Dems take another crack at inversions
Top Democrats in both the House and the Senate are bringing back legislation to crack down on offshore tax deals.
Senate Minority Whip Dick Durbin (D-Ill.), Rep. Sandy Levin (D-Mich.) and five other Democratic lawmakers are proposing to ban companies that shift their legal address abroad and score a lower tax bill from getting government contracts.
Democrats attacked those offshore deals, known as inversions, for much of 2014. But procurement records show some companies that have headed abroad still receive government contracts — even from the Treasury Department, which released rules last year seeking to make inversions less attractive.
“With every successful inversion, the tax burden increases on the rest of us to pay what the corporate inverter doesn’t,” Durbin said in a statement. “The burden is made worse by allowing companies to profit off of federal contracts paid for by U.S. taxpayers, while those very companies run from their U.S. tax responsibility.”
Sens.

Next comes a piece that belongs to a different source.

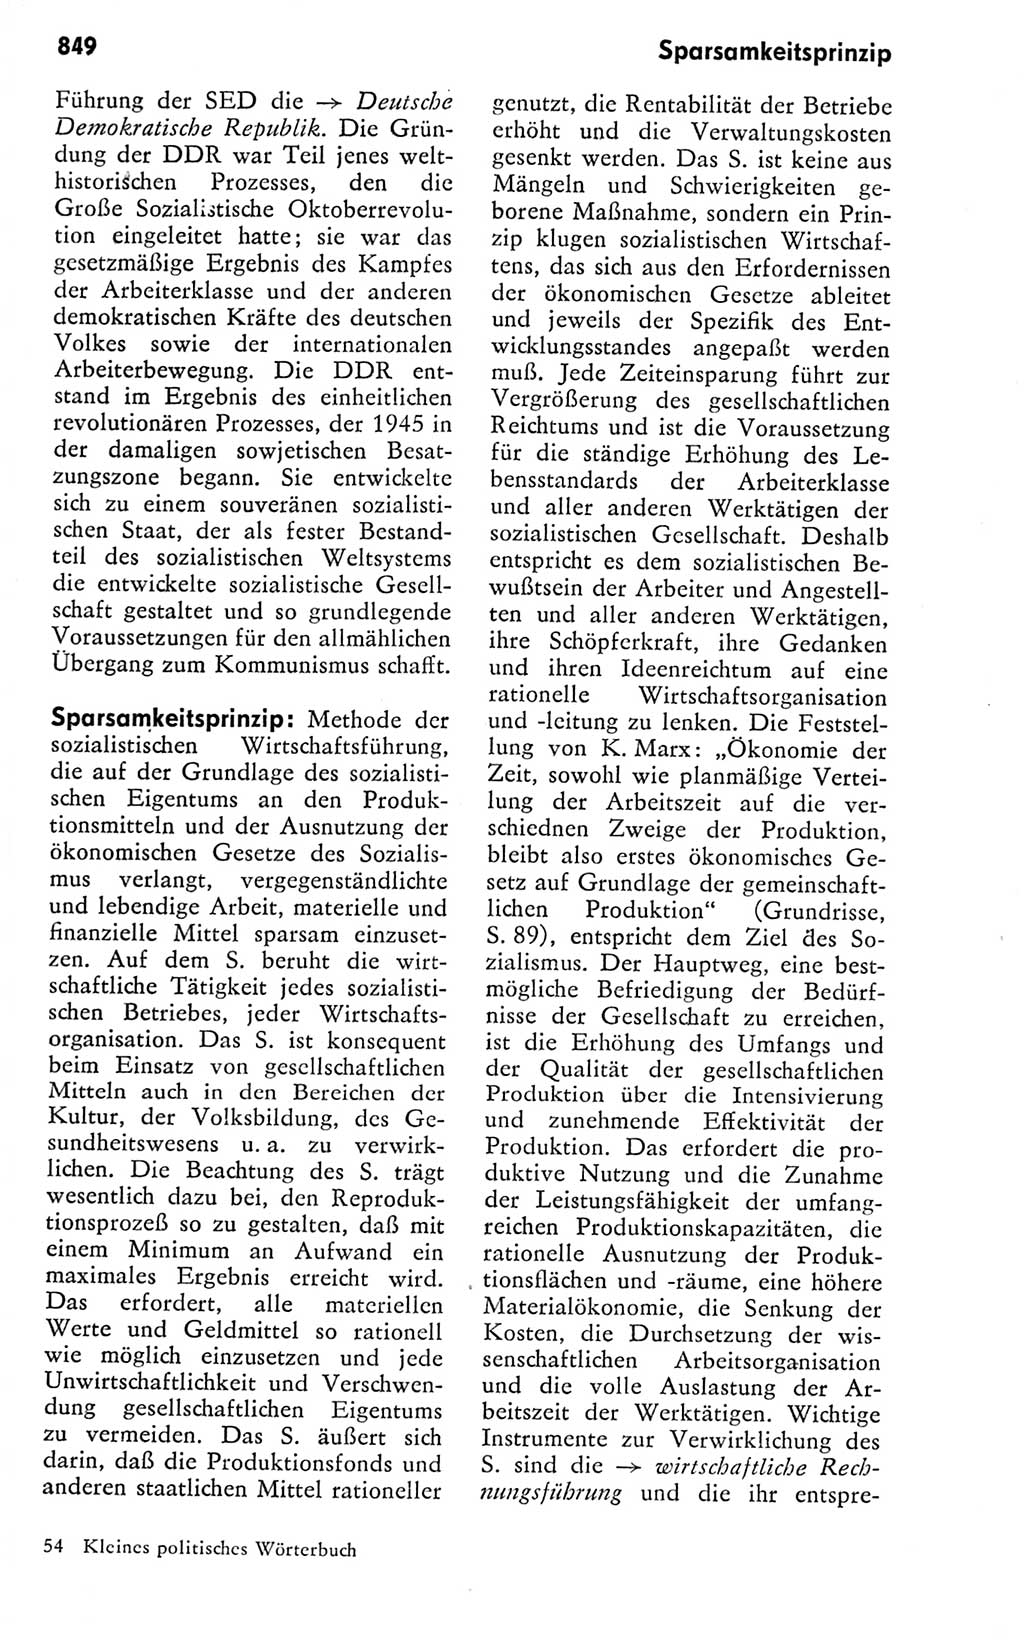 Kleines politisches Wörterbuch [Deutsche Demokratische Republik (DDR)] 1978, Seite 849 (Kl. pol. Wb. DDR 1978, S. 849)

Al Franken (D-Minn.), Jack Reed (D-R.I.) and Sheldon Whitehouse (D-R.I.) are also sponsors of the measure, as are Reps. Rosa DeLauro (D-Conn.) and Lloyd Doggett (D-Texas).
In a release, the lawmakers said that inverted companies have gotten $1 billion worth of contracts over the last five years.
The legislation stands little chance of gaining traction in a GOP-controlled Congress. Democrats had hoped that inversions would catch on in the 2014 campaign, but the issue largely fizzled in the midterm campaign.